For better precision,
s/Or to be able to handle very large data sets ("big memory")/Or to be able
to hold very large data sets in one place ("big memory")/g
--
Christopher T. Nguyen
Co-founder & CEO, Adatao <http://adatao.com>
linkedin.com/in/ctnguyen
On Tue, Oct 22, 2013 at 2:16 PM, Christopher Nguyen <[email protected]> wrote:
> Matt, it would be useful to back up one level to your problem statement.
> If it is strictly restricted as described, then you have a sequential
> problem that's not parallelizable. What is the primary design goal here? To
> complete the operation in the shortest time possible ("big compute")? Or to
> be able to handle very large data sets ("big memory")? Or to ensure that
> the operation completes in a fault-tolerant manner ("reliability")?
>
> There are two paths from here:
>
> 1. Finding parallelizable opportunities: there may be ways to squint
> at the problem in just the right way that provides a way to parallelize it:
> - Maybe you can come up with some algebra or approximations that
> allows for associativity, so that different partitions of the data can
> be
> operated on in parallel.
> - Perhaps the data is a time series where weekly or monthly chunks
> can be summarized in parallel and the sequential logic can be brought up
> several hierarchical levels.
> - Perhaps the statefulness of the visitor has a finite memory of
> past visits that you can take advantage of.
> 2. Finding alternatives: it's important to realize that Spark's
> strength is in "big compute" and not in "big memory". It's only 1 of the 13
> dwarfs of parallel computing patterns, the map-reduce, shared-nothing model
> (cf. D. Patterson et al., "A View From Berkeley ...", under "Monte Carlo").

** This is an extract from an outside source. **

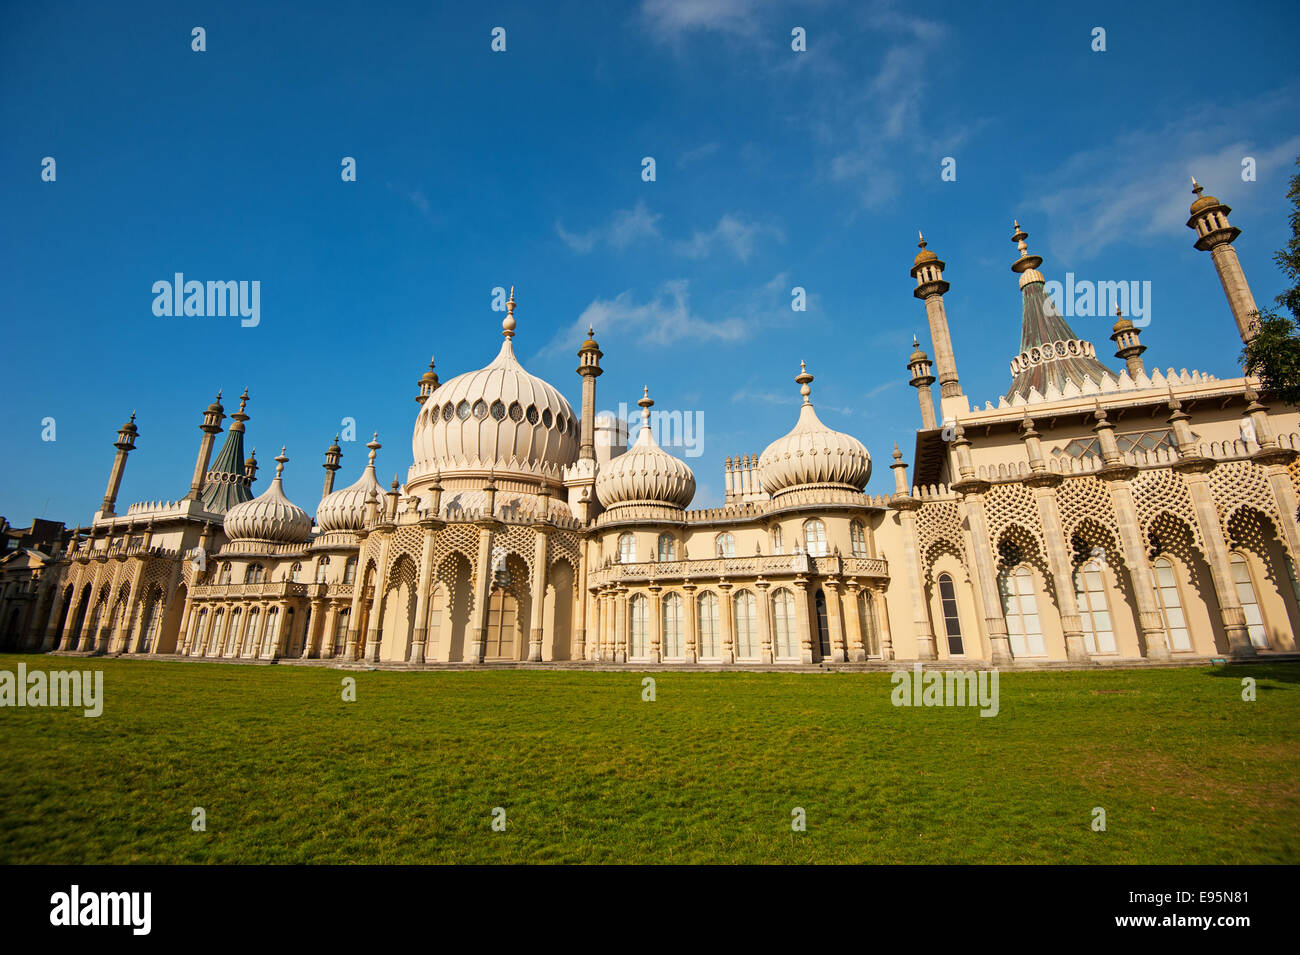 Brighton's Royal Pavilion the spectacular regency palace built for the Prince Regent George IV Stock Photo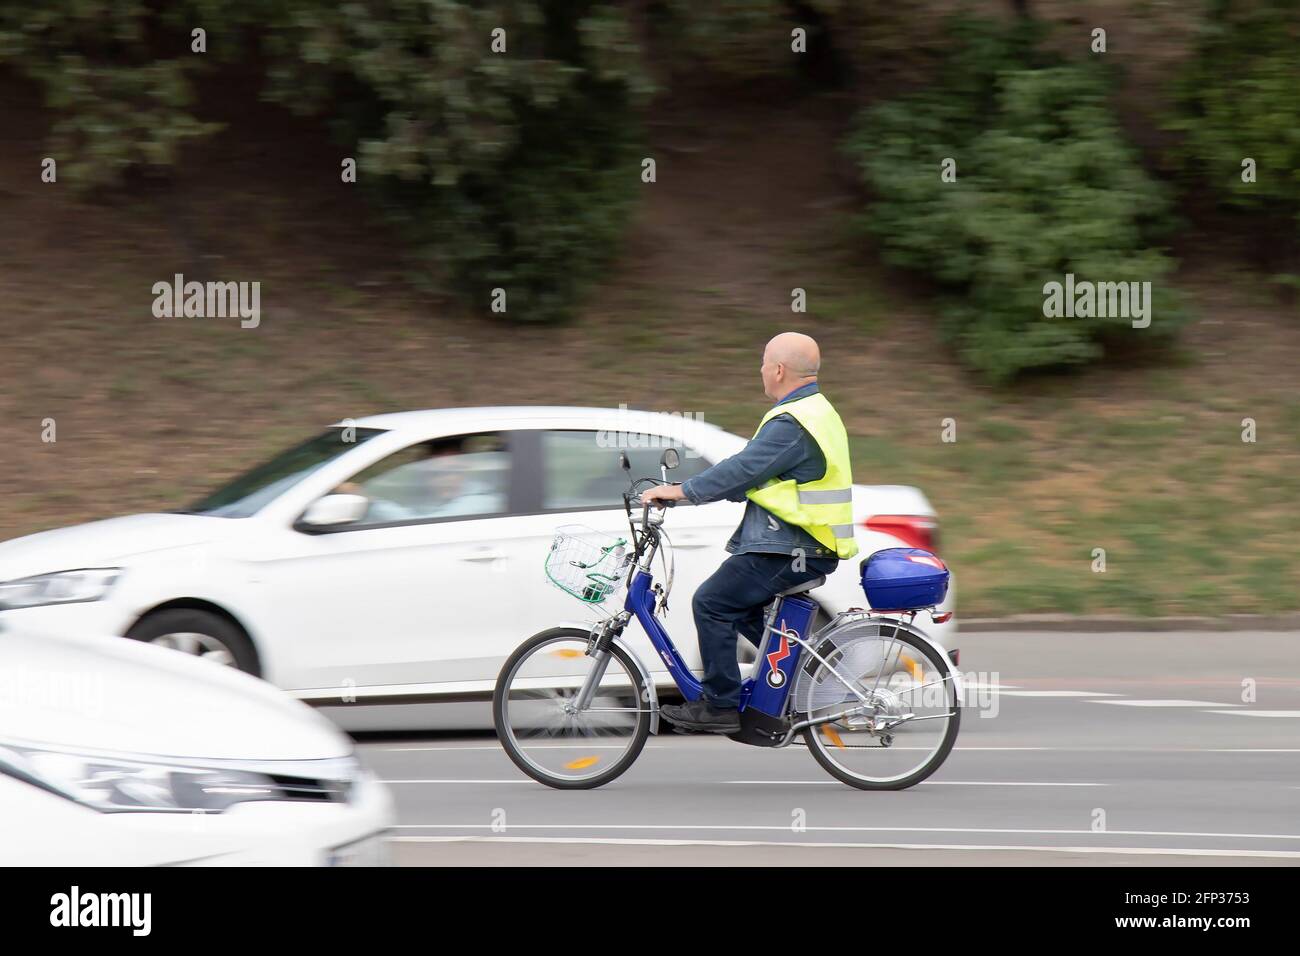 Belgrade, Serbia - May 14, 2021: One senior man wearing fluorescent vest  riding an electric bike in city street traffic by the park Stock Photo

> It's a very successful model, but one that sometimes requires a refactoring
> of the algorithm/data to make it applicable. So if #1 above isn't at all
> possible, you might look into a "big memory" approach, such as Tachyon, or
> memcached, or even just reading a big file sequentially and applying your
> visitor to each data row, depending critically on what bottleneck you are
> engineering against.
>
>
> --
> Christopher T. Nguyen
> Co-founder & CEO, Adatao <http://adatao.com>
> linkedin.com/in/ctnguyen
>
>
>
> On Tue, Oct 22, 2013 at 12:28 PM, Matt Cheah <[email protected]> wrote:
>
>> Hi everyone,
>>
>> I have a driver holding a reference to an RDD. The driver would like to
>> "visit" each item in the RDD in order, say with a visitor object that
>> invokes visit(item) to modify that visitor's internal state. The visiting
>> is not commutative (e.g. Visiting item A then B makes a different internal
>> state from visiting item B then item A). Items in the RDD also are not
>> necessarily distinct.
>>
>> I've looked into accumulators which don't work because they require the
>> operation to be commutative. Collect() will not work because the RDD is too
>> large; in general, bringing the whole RDD into one partition won't work
>> since the RDD is too large.
>>
>> Is it possible to iterate over the items in an RDD in order without
>> bringing the entire dataset into a single JVM at a time, and/or obtain
>> chunks of the RDD in order on the driver? We've tried using the internal
>> iterator() method. In some cases, we get a stack trace (running locally
>> with 3 threads). I've included the stack trace below.
>>
>> Thanks,
>>
>> -Matt Cheah
>>
>> org.apache.spark.SparkException: Error communicating with
>> MapOutputTracker
>> at org.apache.spark.MapOutputTracker.askTracker(MapOutputTracker.scala:84)
>> at
>> org.apache.spark.MapOutputTracker.getServerStatuses(MapOutputTracker.scala:170)
>> at
>> org.apache.spark.BlockStoreShuffleFetcher.fetch(BlockStoreShuffleFetcher.scala:39)
>> at org.apache.spark.rdd.ShuffledRDD.compute(ShuffledRDD.scala:59)
>> at org.apache.spark.rdd.RDD.computeOrReadCheckpoint(RDD.scala:237)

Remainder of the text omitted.